Pandemic makes matters worse

The advent of diabetes technology has also helped Ebony cope better with her diabetes. After meeting other people with diabetes and being given a CGM and insulin pump (after self-funding a series of technologies), Ebony felt she was in control. “But then I developed my eye problems and that has brought on a lot of new anxiety and burnout related to my diabetes. I received a lot of support from a friend I met through Diabetes UK Cymru, who had gone through the same ordeal. I have a fear of blindness that keeps me awake at night. I have to sleep with a light on as if I awake in the dark of the night, I fear I have lost my vision again.

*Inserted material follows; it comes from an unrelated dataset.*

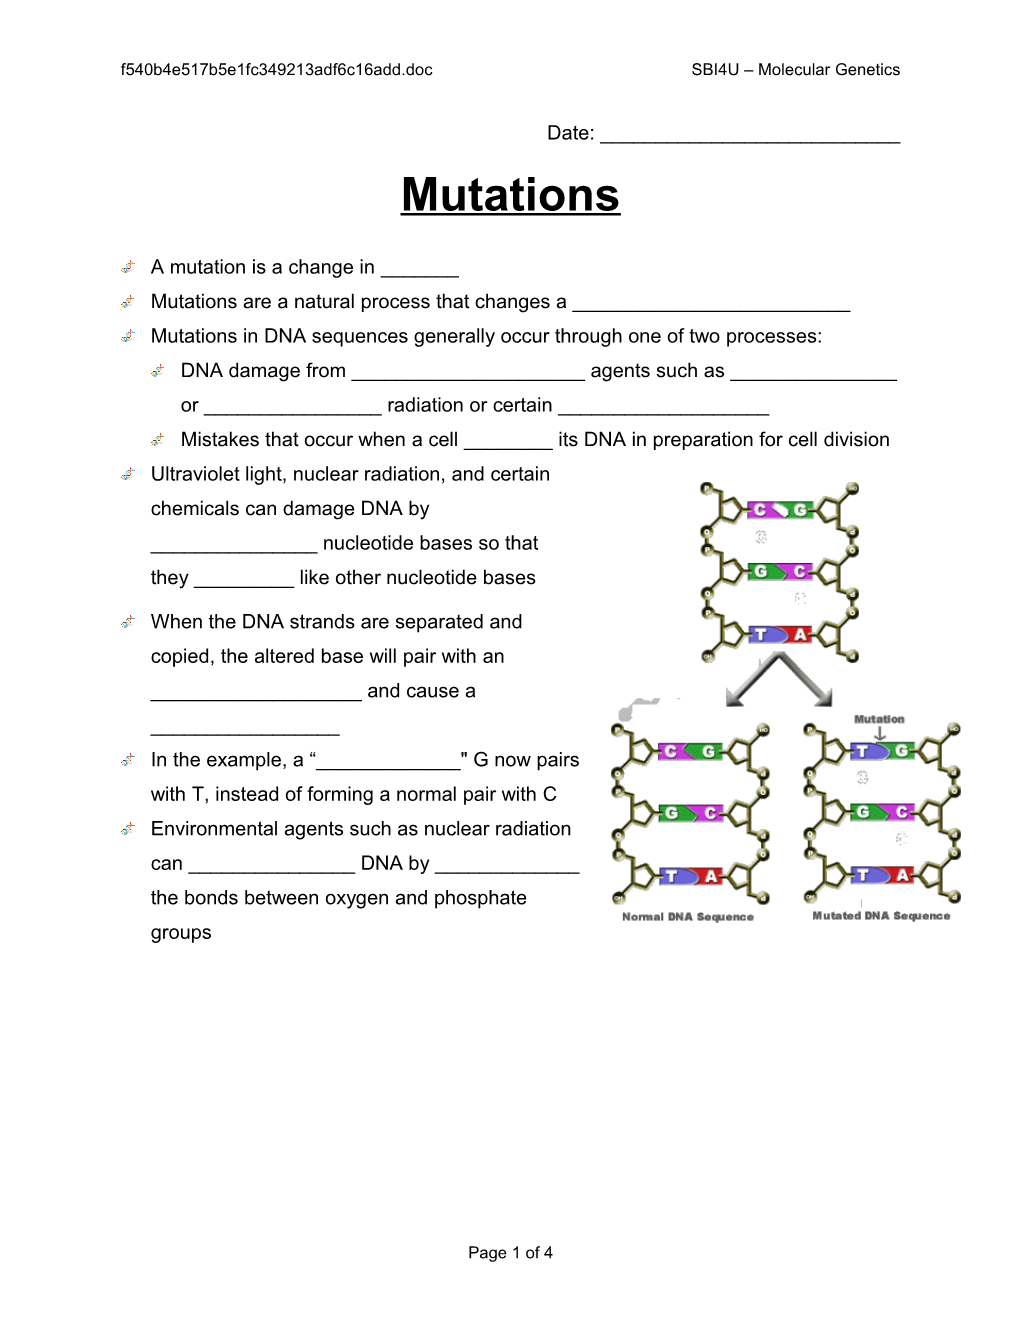 8 - Mutations SBI4U Molecular Genetics

Yet no psychological support was ever suggested.”

The coronavirus pandemic has meant that her care has lapsed: “I understand that the NHS is under pressure, but I haven’t seen my diabetes doctor for two years and I've had a lot of cancelled or delayed appointments. That added to my anxiety and made me decide to have therapy, and I feel positive about it.”

Ebony’s case shows that Diabetes Is Serious and that psychological services need to be offered as part of routine diabetes care. Diabetes UK Cymru is supporting the Missing to Mainstream report - a new model in Wales, developed by Dr Rose Stewart, Clinical psychologist at Betsi Cadwaladr University Health Board and Diabetes UK Clinical Champion, to embed diabetes psychology in diabetes care and make it a reality for everyone living with diabetes.